Better Dwelling
- Type: Daily
- Format: Online
- Owner(s): Better Dwelling Inc.
- Founder(s): Stephen Punwasi (co-founder)
- Publisher: Better Dwelling Inc.
- Staff writers: Stephen Punwasi Daniel Wong Kaitlin Last Daniel Tencer Daniel Foch Tiffany Greene Joey Evans
- Founded: 2017
- Political alignment: Non-partisan
- Language: English
- Headquarters: Vancouver, Canada
- City: Vancouver
- Country: Canada
- ISSN: 2371-8528
- Website: https://betterdwelling.com

= Better Dwelling =

Vancouver-based financial media company

Better Dwelling is a Vancouver-based daily news publisher and financial media company. It operates Canada's largest independent housing news outlet.

== History ==
Better Dwelling was founded in 2017 as a real estate news service that used artificial intelligence to assist with its data journalism. It was co-founded by Stephen Punwasi, whose background is in cognitive computing and machine learning.

In 2017, the company began a daily news syndication service carried by mainstream news publishers such as Business Insider, HuffPost, and Maclean's.

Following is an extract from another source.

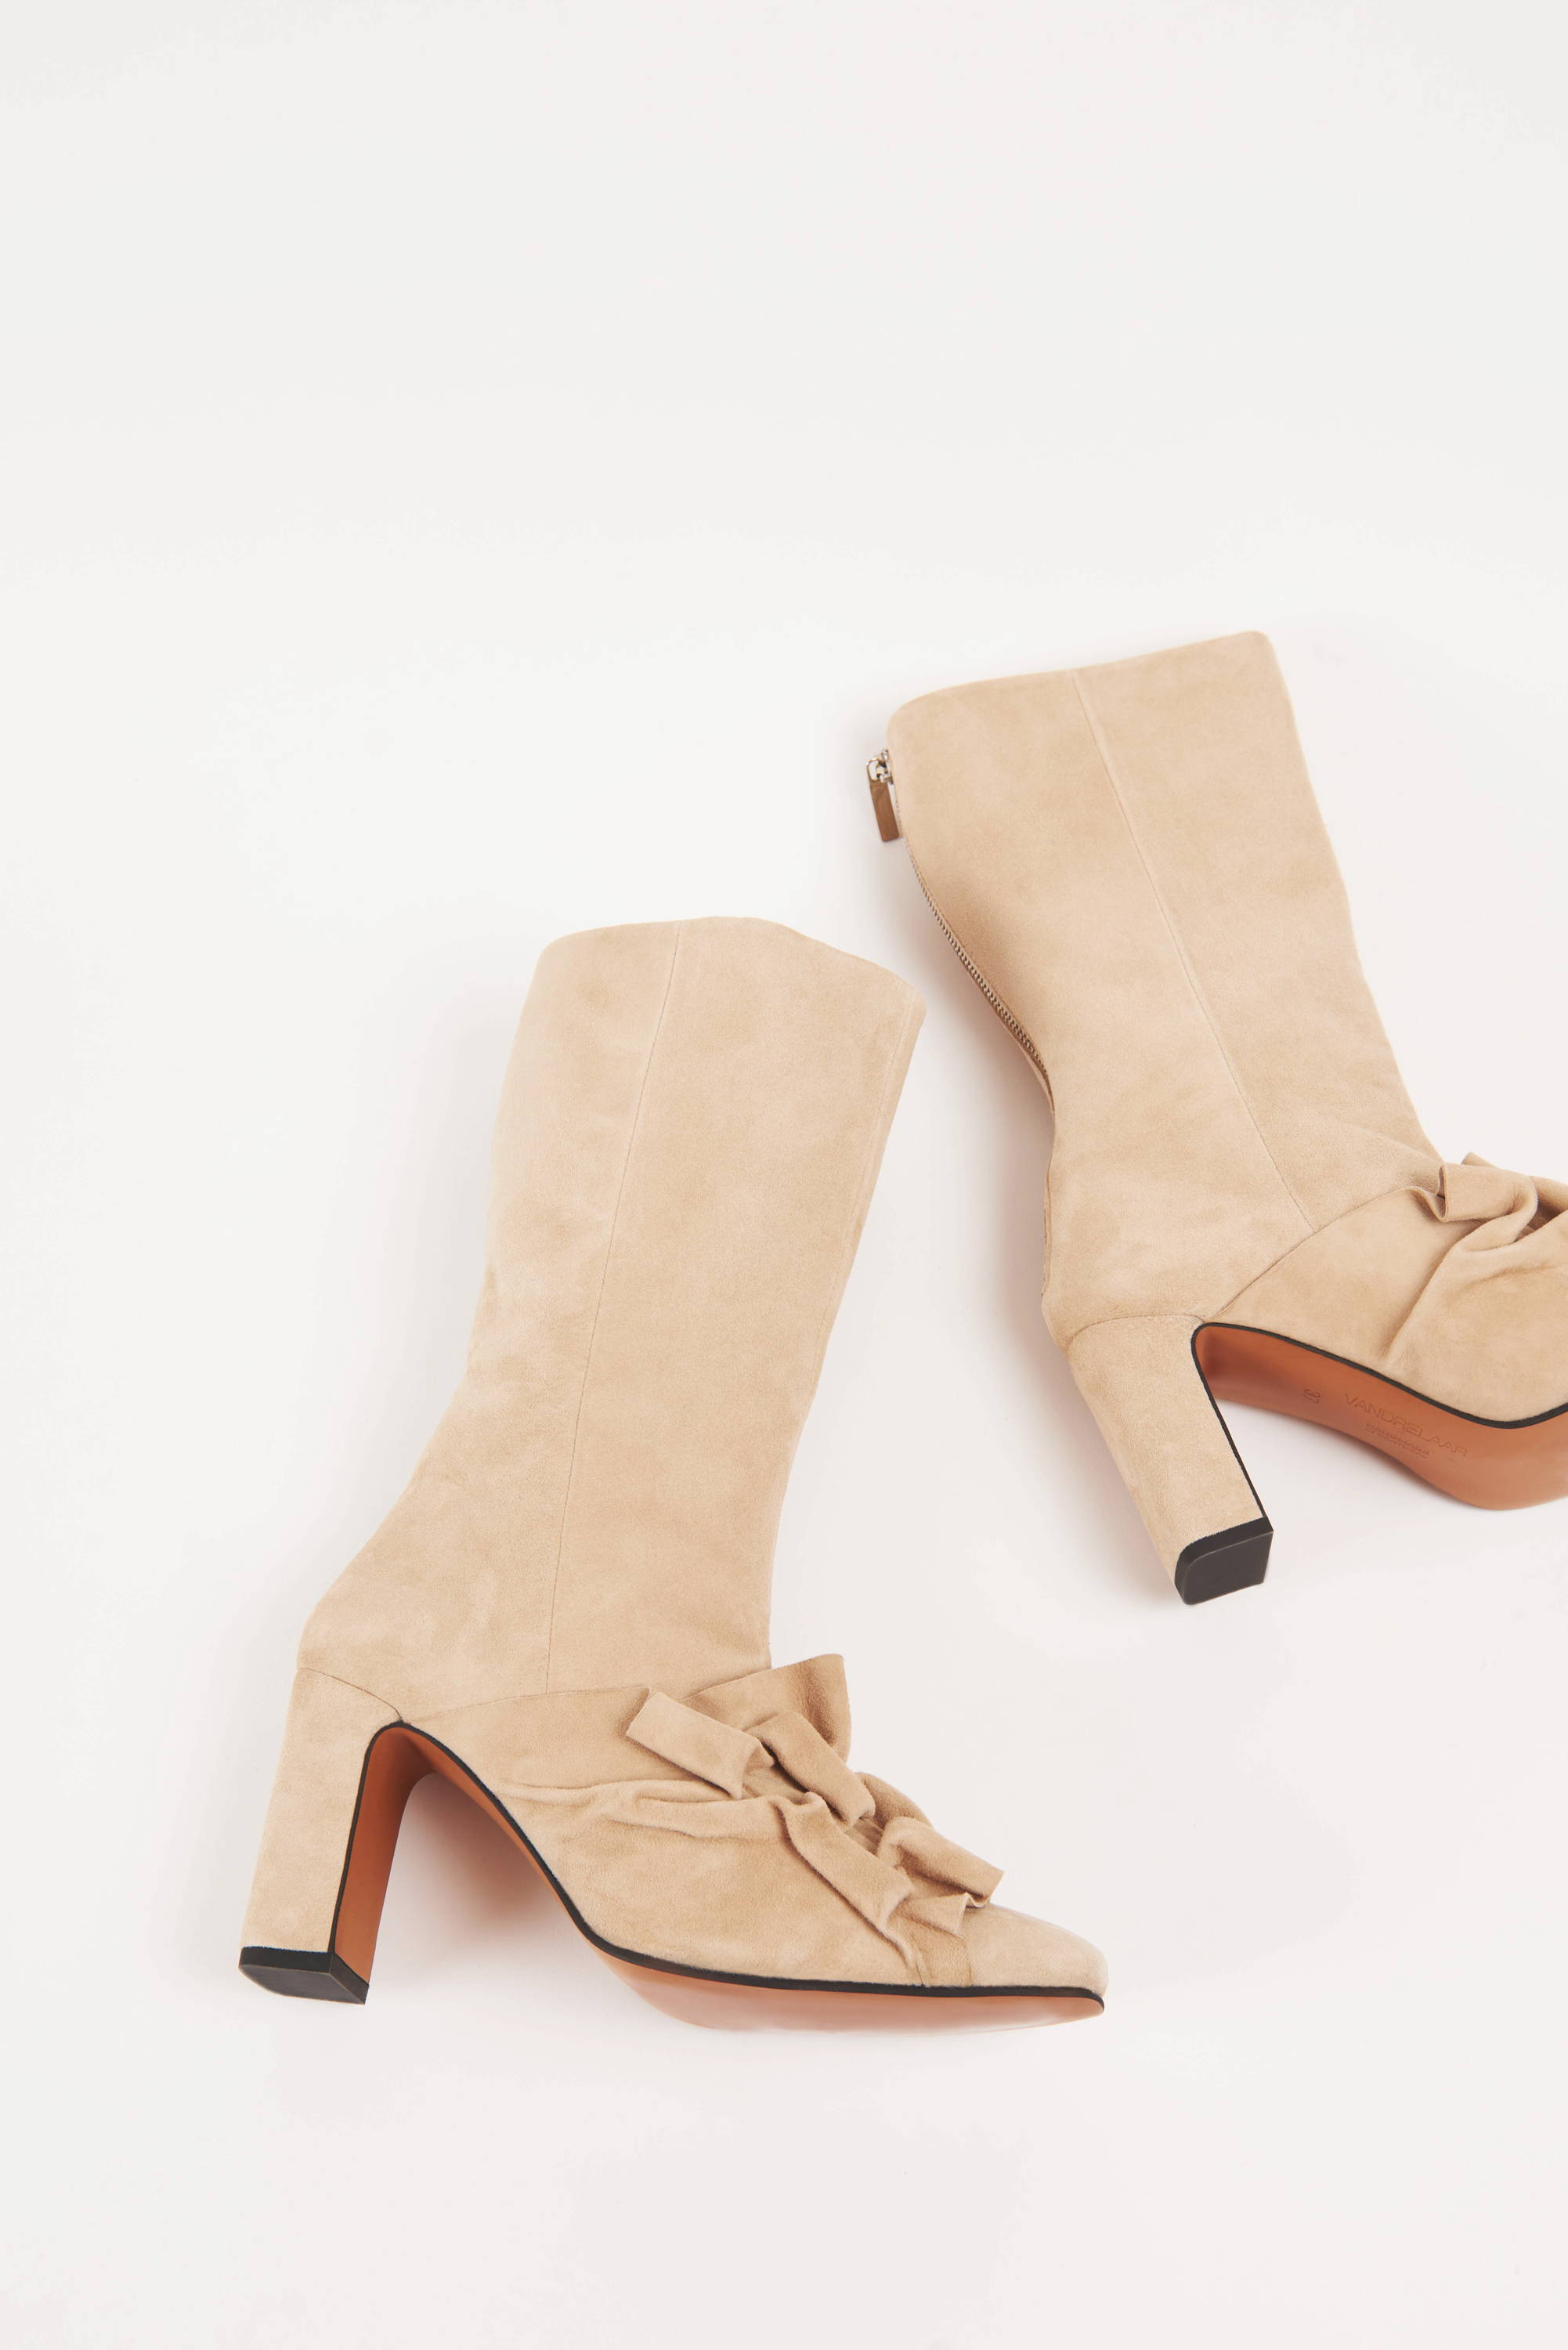 Pair of Vandrelaar Greta ankle high-heel boot in sandy beige suede with silver zip and brown sole
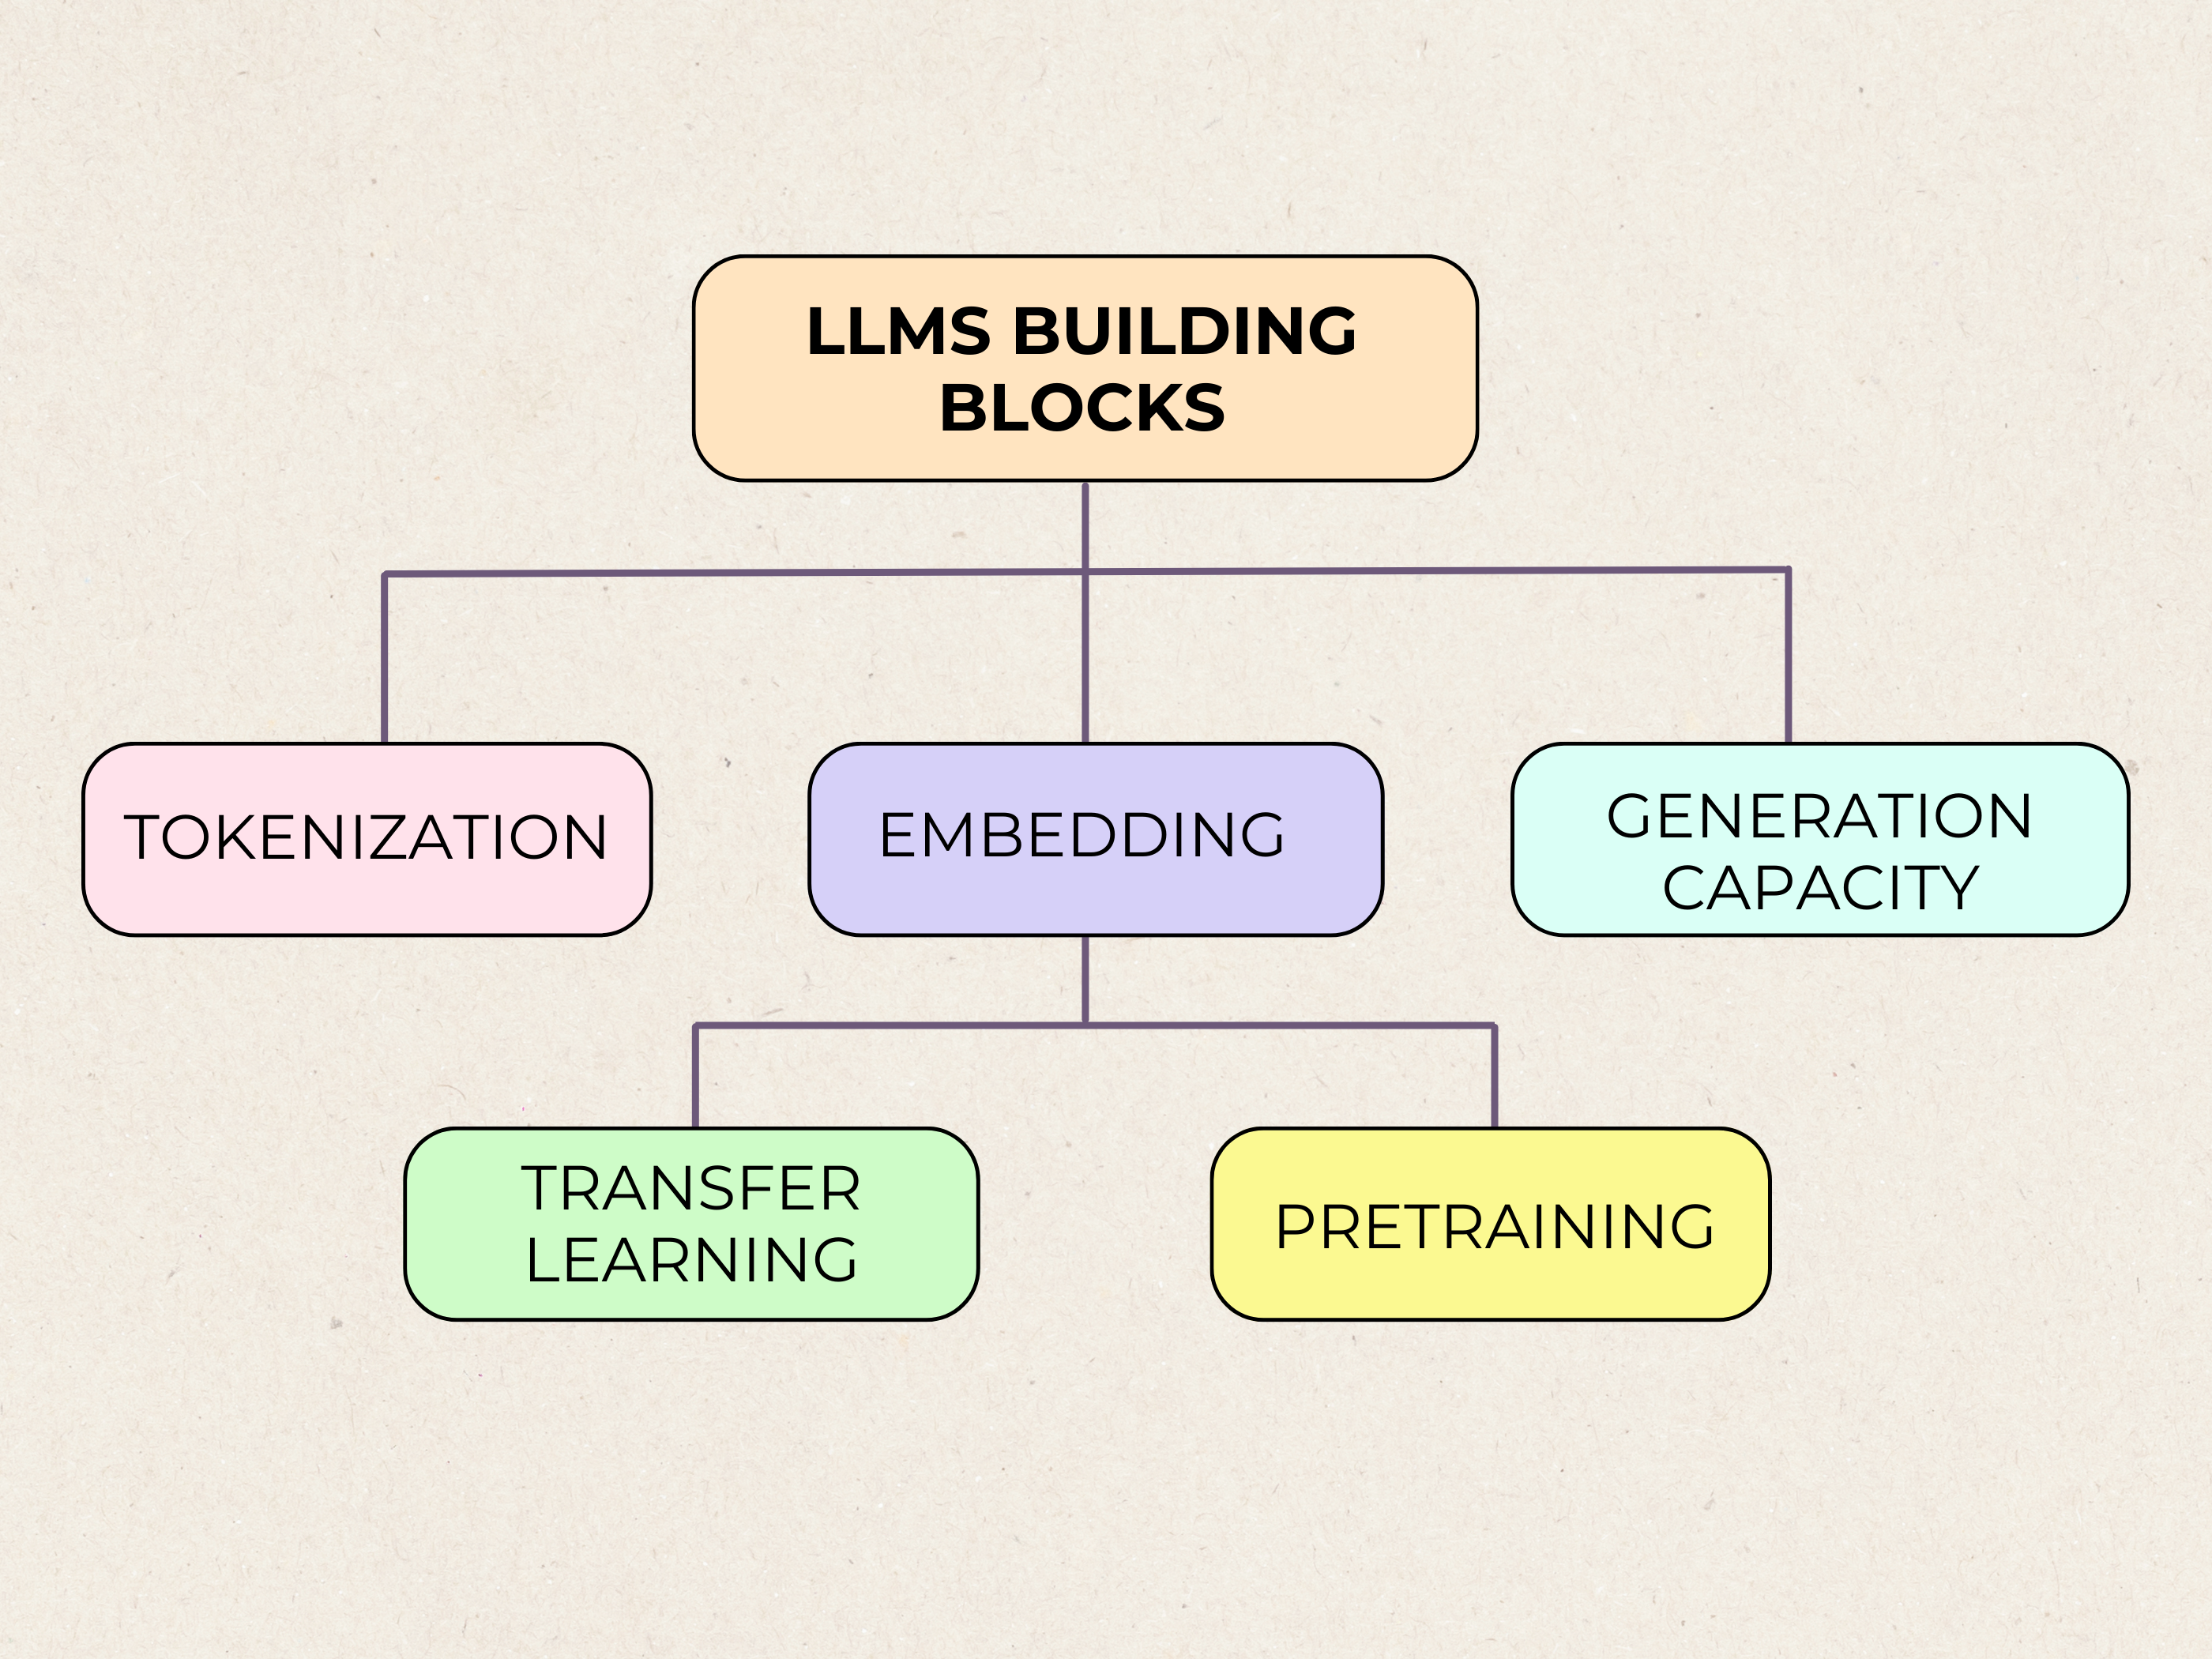 LLMs building blocks

Better Dwelling has reported on the Canadian property bubble and housing crisis. The organization and its staff have collaborated on research with Canada's national housing agency and Transparency International Canada.

In 2021, Better Dwelling was collateral damage in a controversy surrounding Big Tech's censorship of criticism of China and Optimum Publishing International. The outlet had published what was described by Canadian newspaper National Post as an "innocuous" clip of an interview with Optimum author and Global News reporter Sam Cooper, discussing his coverage of the Cullen Commission. Shortly after publishing the video clip, the outlet's staff was removed from managing its Facebook page. The page was later restored with Facebook stating it was an error.

== Research ==

=== Money laundering and property ===
The outlet has played a key role in exposing money laundering in Canadian real estate. Notable contributions involve publishing a leaked Canadian intelligence report that alleges transnational criminals have used housing Vancouver, Canada for laundering since the 1990s and an analysis with Transparency International on billions in opaque ownership in Toronto.

In 2019, the CEO was thanked for their contribution to a report on money laundering and real estate, created at the request of the Government of British Columbia and produced by former RCMP Commissioner Peter German. The report was central to launching the Cullen Commission, B.C.'s anti-money laundering inquiry.

The organization's staff testified how money laundering impacts real estate prices at the Cullen Commission, BC's Inquiry Into Money Laundering.